> _Data extract_:

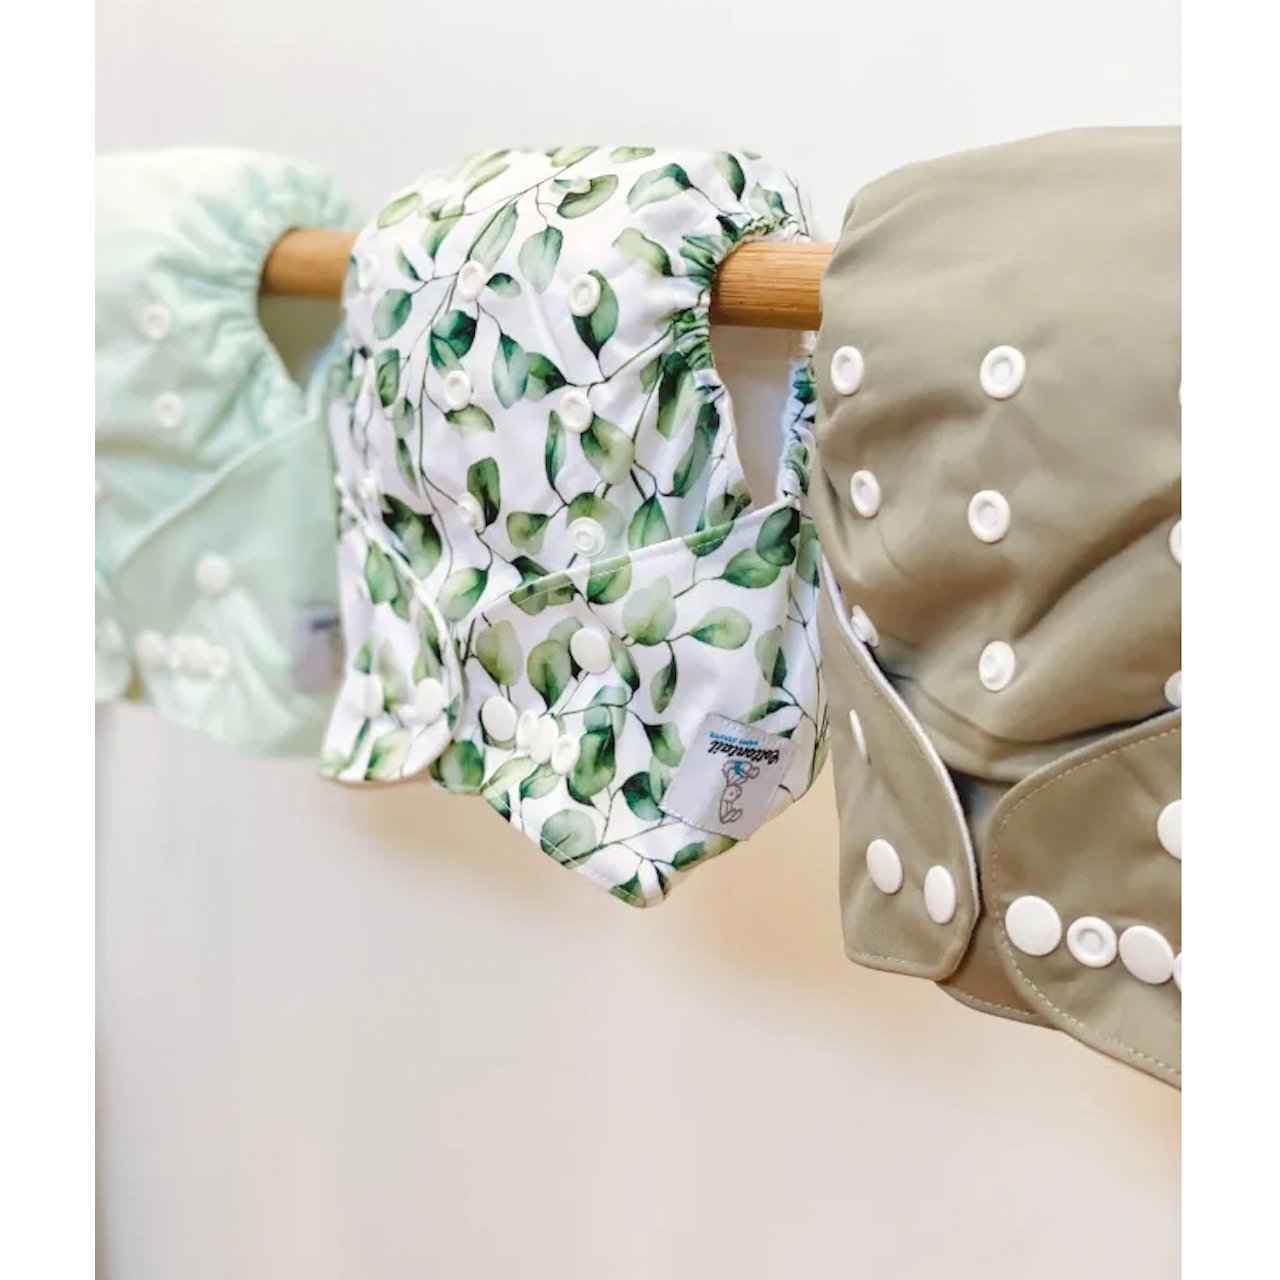 3 Cottontail Modern Cloth Nappy - Eucalyptus 3 Pack - Little Kids Business
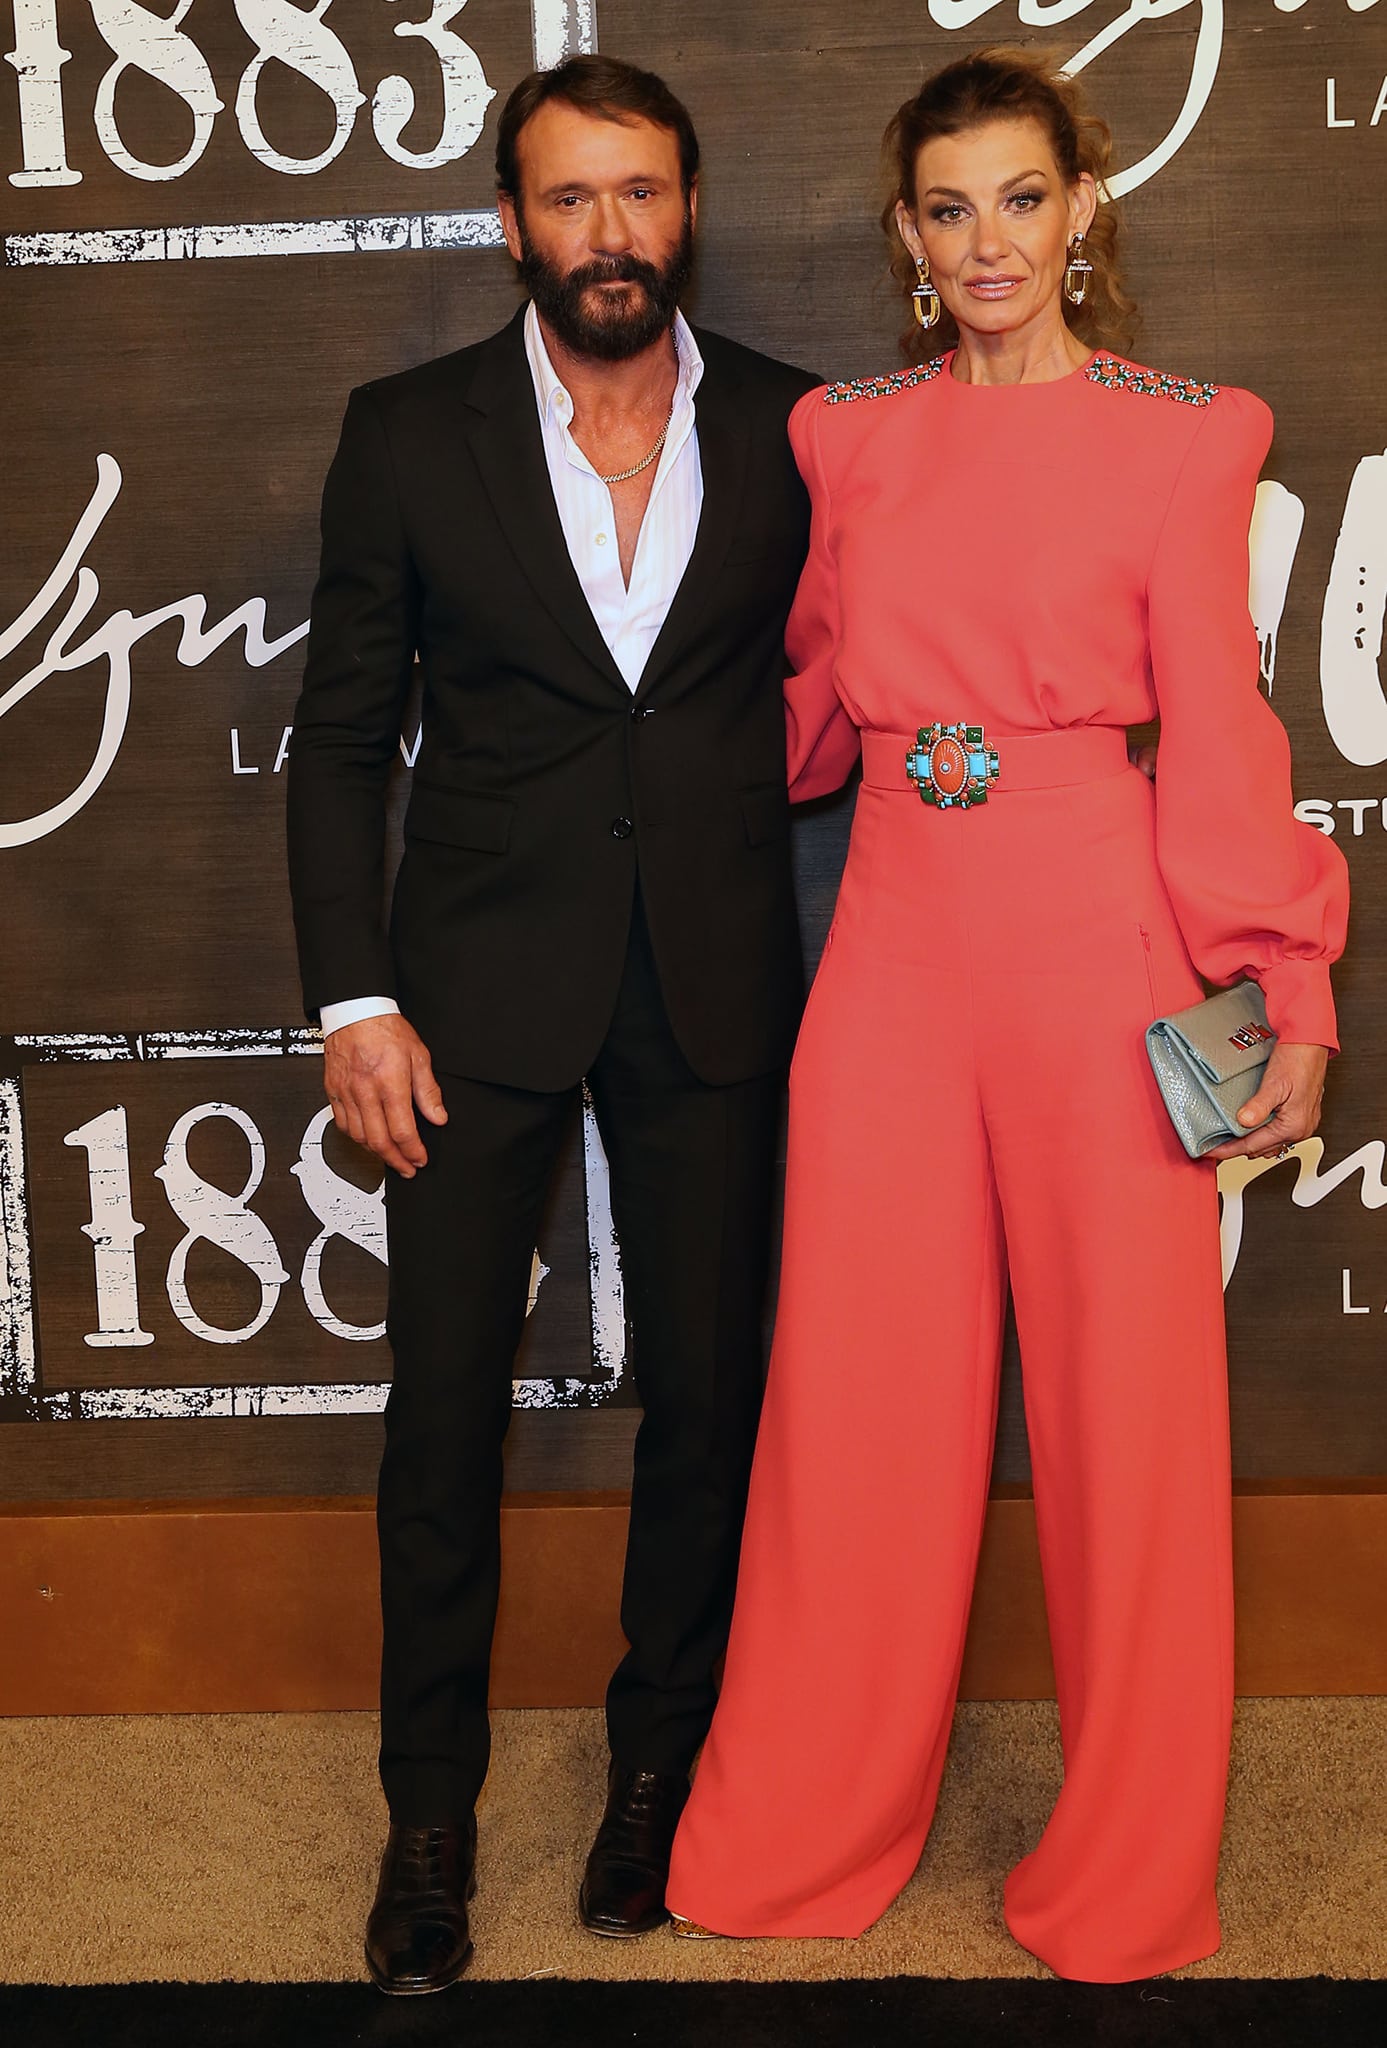 Husband and wife duo Tim McGraw and Faith Hill at the 1883 world premiere held at Wynn Las Vegas on December 12, 2021
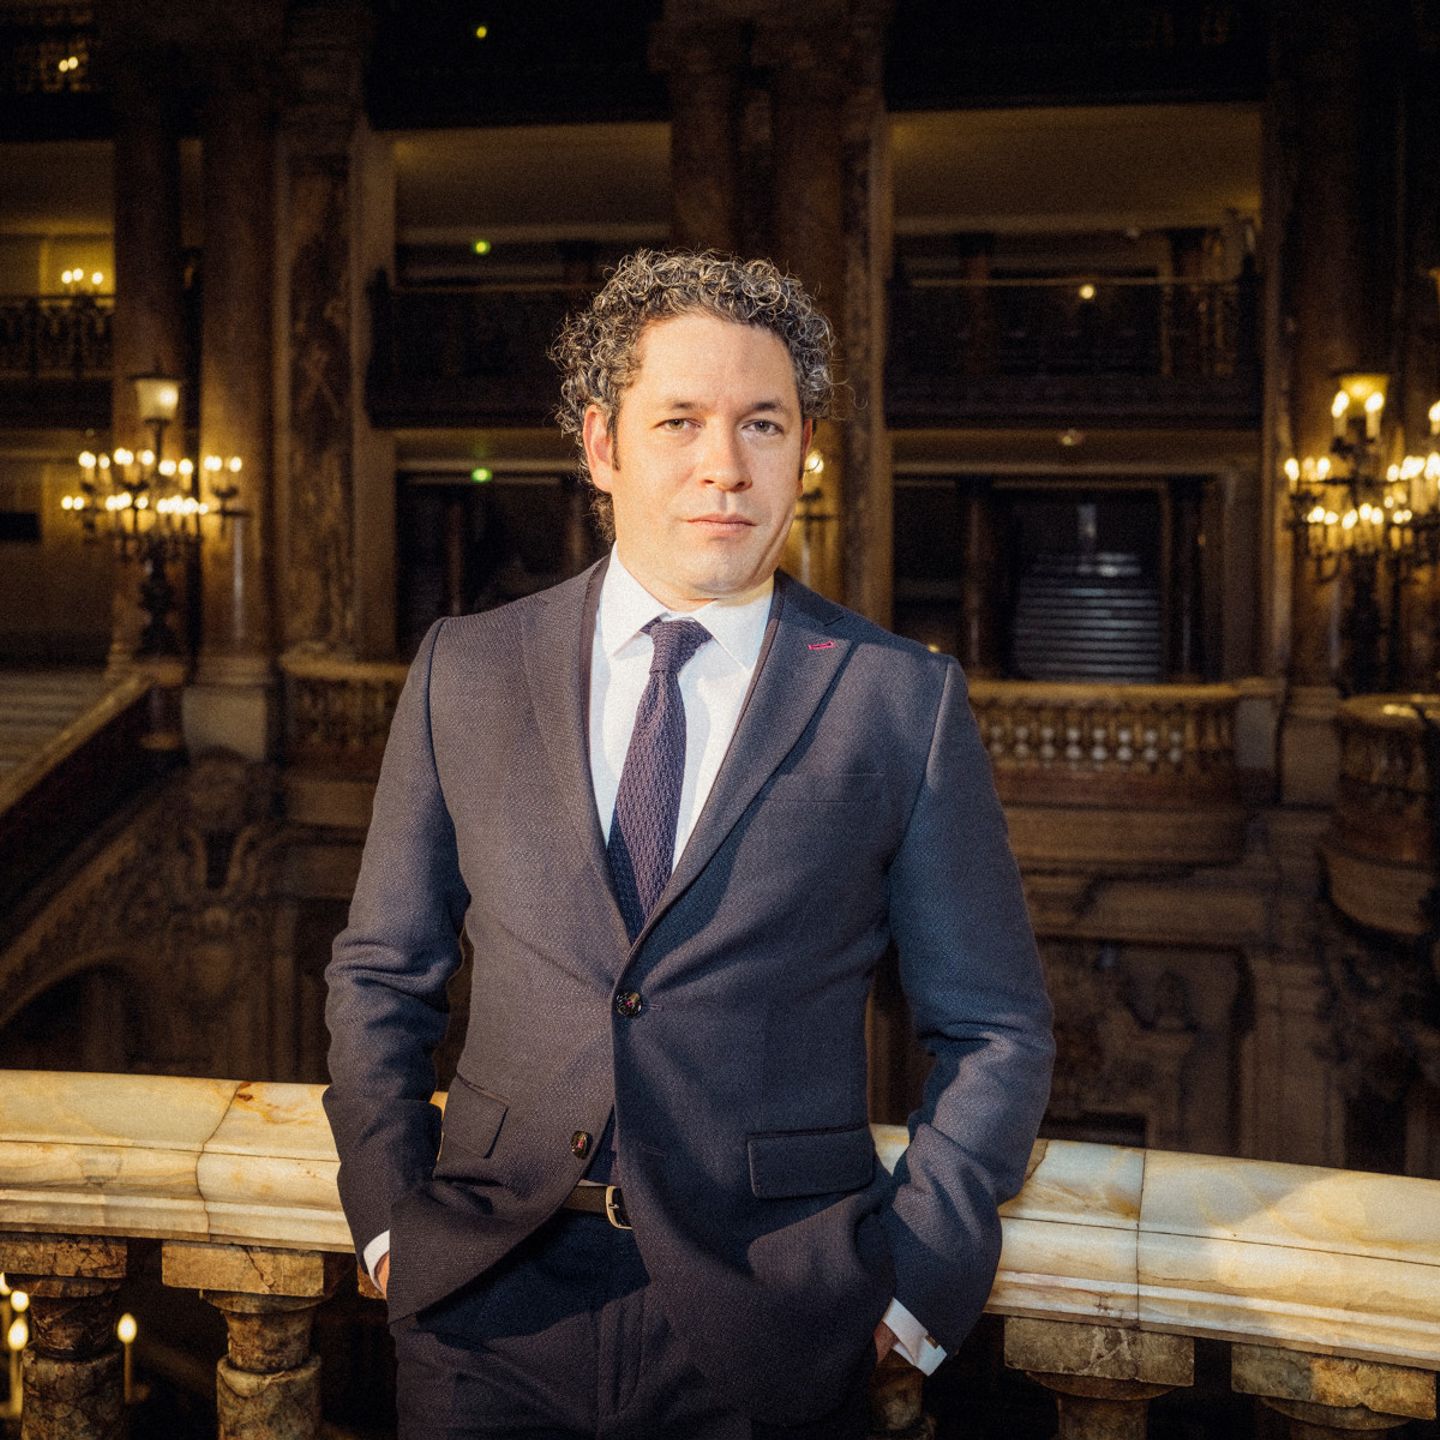 Gustavo Dudamel in a suit sitting on a bench

> _What to do_: From the line that holds "Husband and wife" down to the last line of the material above, every line is to be copied exactly, both ends included; pictures are to be omitted.

> _Response below_:
 Husband and wife duo Tim McGraw and Faith Hill at the 1883 world premiere held at Wynn Las Vegas on December 12, 2021
 Gustavo Dudamel in a suit sitting on a bench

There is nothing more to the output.